Public gardens, comprising a series of seaside walks and gardens, laid out as publicly and privately owned features from the mid C19 to the 1930s, including work by Joseph Paxton in the 1850s.

HISTORIC DEVELOPMENT

In 1626, a mineral spring was discovered at the foot of the South Cliff, Scarborough. In 1827, the Cliff Bridge Company was given control of the Spa and the adjacent cliff walks in exchange for building the Cliff Bridge linking these facilities to the town. A new Spa promenade was opened in 1839, overlooked by a 'Gothic Saloon' by Henry Wyatt. Gardens were laid out on the cliff by George Knowles, who lived at Woodend (now Wood End House) in The Crescent, where his own gardens were being developed concurrently.

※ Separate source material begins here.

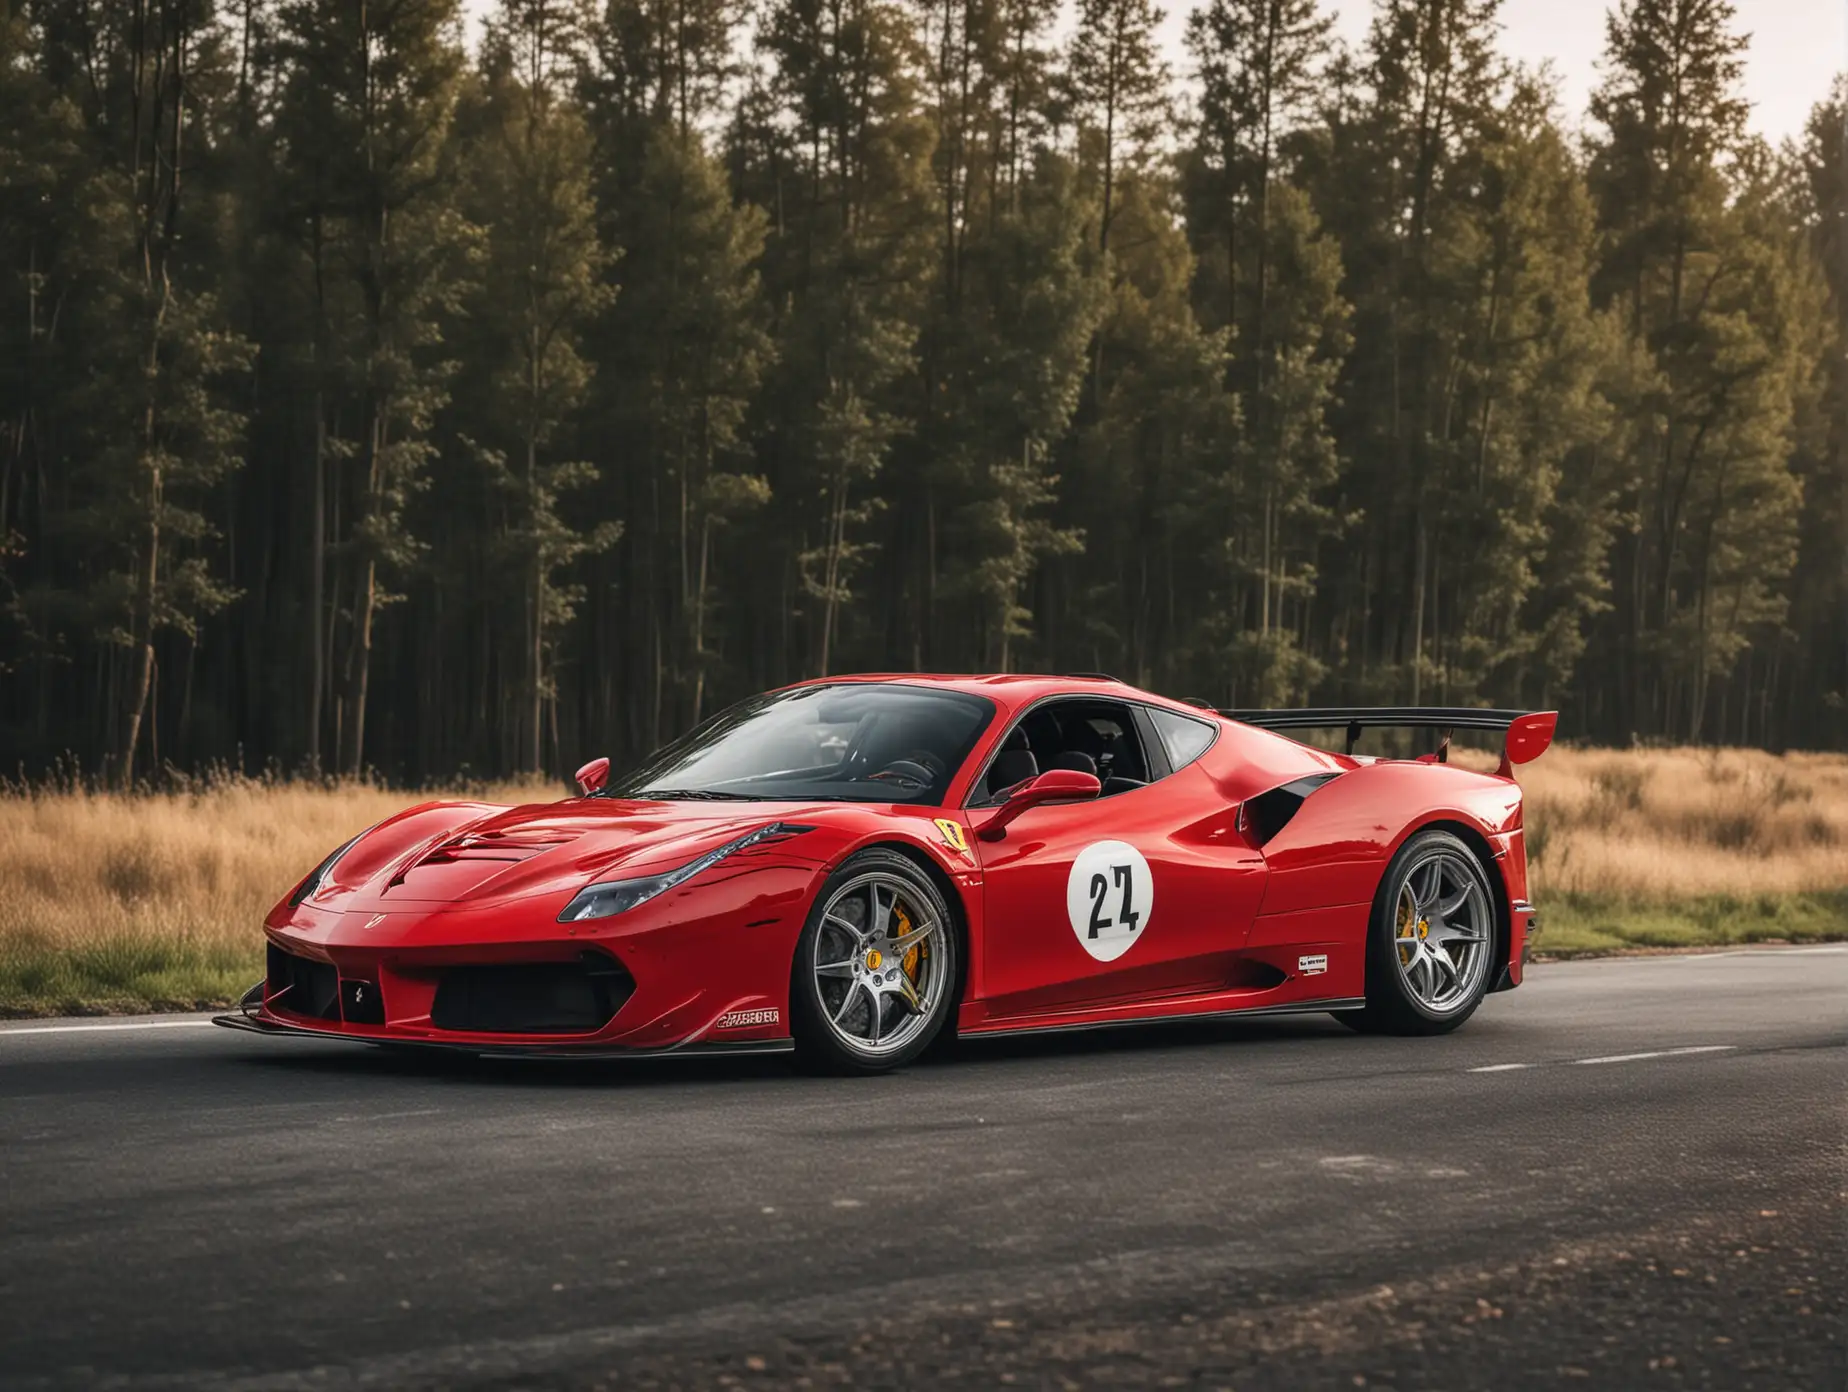 Sleek Red Ferrari Racecar Parked on Roadside Professional Photography Capture

In 1853 William Skipsey was appointed head gardener to the Spa, and in 1856 Sir Joseph Paxton (1803-65) built a Grand Hall of local stone to replace the Gothic Saloon, an extended promenade, a bandstand, and Italianate gardens with formal flower beds and balustraded stone staircases negotiating the steep cliffs. In 1860, a 'Swiss Chalet' was built near the northern entrance to the Spa Gardens and a summerhouse was added to the grounds in 1862. In the same year, at the north end of South Cliff, the 'People's Park' (now Valley Gardens) was laid out by the town Corporation on either side of Valley Road which led down to the seafront and the Spa promenade. This featured rockwork and a small pool which had formerly supplied water to cornmills demolished in the late 1850s. In 1862, Robert Williamson bought a skeleton iron bridge that had fallen into the River Ouse at York and re-erected it across the valley as Valley Bridge, giving vehicular access to the South Cliff. At the same time, the land along the top of the South Cliff was developed with an esplanade, private residences, and hotels. In 1874, the South Cliff Tramway Company built the first cliff tramway in Britain, which transported visitors up the cliff face adjacent to the Spa. In 1876, Paxton's Grand Hall burned down; it was replaced in 1880 by a new Grand Hall by Verity and Hunt which was built on the same footprint.

By 1880 the Corporation had commissioned William Skipsey to lay out the Holbeck Gardens, south of Dickinson's Point. This marked the beginning of further developments to the south of the Spa. The Belvedere Rosary was established from 1883 by George, Lord Beeforth, a successful art dealer. He built several properties at the southern end of the Esplanade, including his own house, connected to his Rosary by a subway. On the plateau below the Rosary he built a tennis court and walks along the cliff. The gardens were purchased from Beeforth by the Corporation in 1912. In the same year the Corporation bought from the Cliff Bridge Company c 2.4ha of undercliff between the tramway and the Belvedere Rosary. The money enabled the Company to enlarge the Spa promenade over the sands, and build a new bandstand; it was only in 1954 that the glass wings, originally planned as a means of uniting the bandstand with the Grand Hall, were constructed. The Corporation, in turn, embarked on a comprehensive scheme to unite the individual gardens and improve the cliffs between the Spa and the Holbeck Gardens to the south.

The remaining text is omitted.